### Prompt
Locate, in the data below, the line that contains "Barber shop sign Stock Photo" and the line that contains "Dynamic Discs Mid"; reproduce exactly those two lines and every line between them, nothing more.

### Provided data

========================================

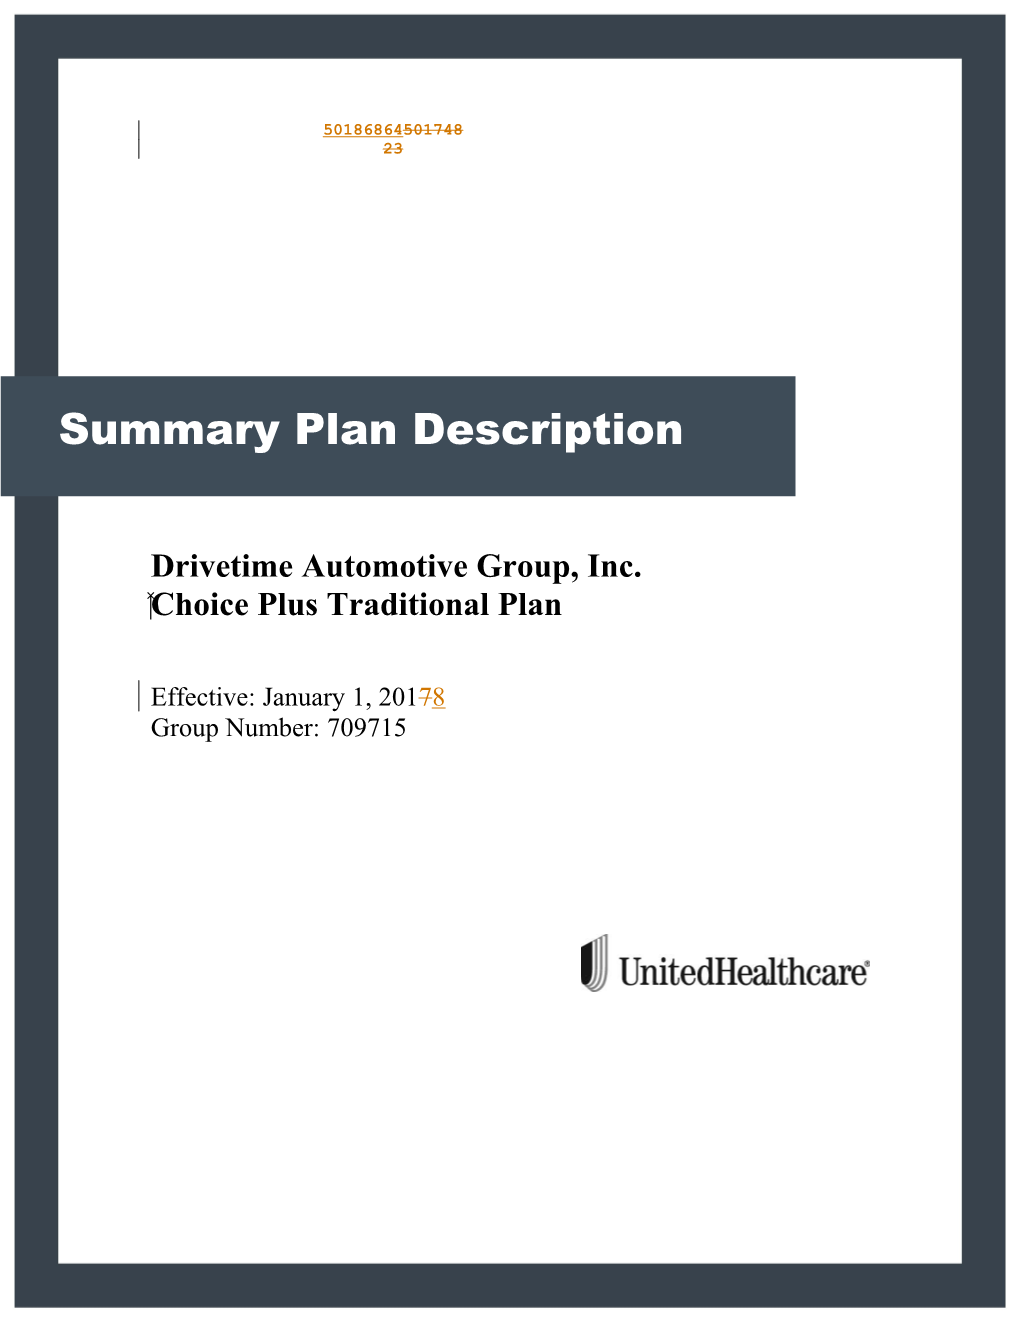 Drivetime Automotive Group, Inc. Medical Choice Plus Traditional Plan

========================================

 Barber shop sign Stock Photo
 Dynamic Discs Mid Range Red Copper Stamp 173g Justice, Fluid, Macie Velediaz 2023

========================================

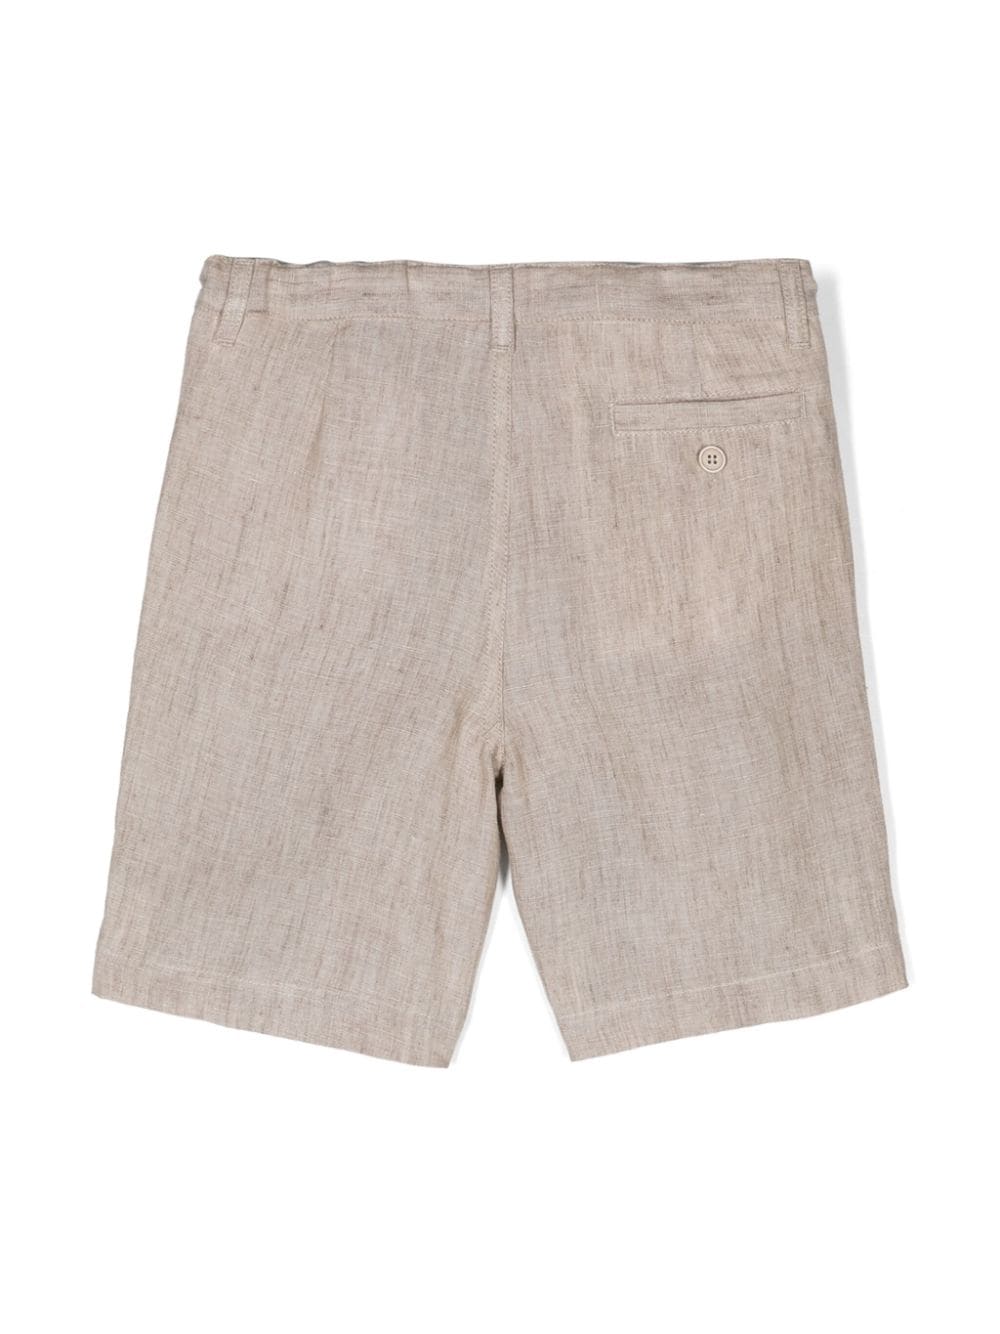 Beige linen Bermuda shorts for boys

========================================

### Response
 Barber shop sign Stock Photo
 Dynamic Discs Mid Range Red Copper Stamp 173g Justice, Fluid, Macie Velediaz 2023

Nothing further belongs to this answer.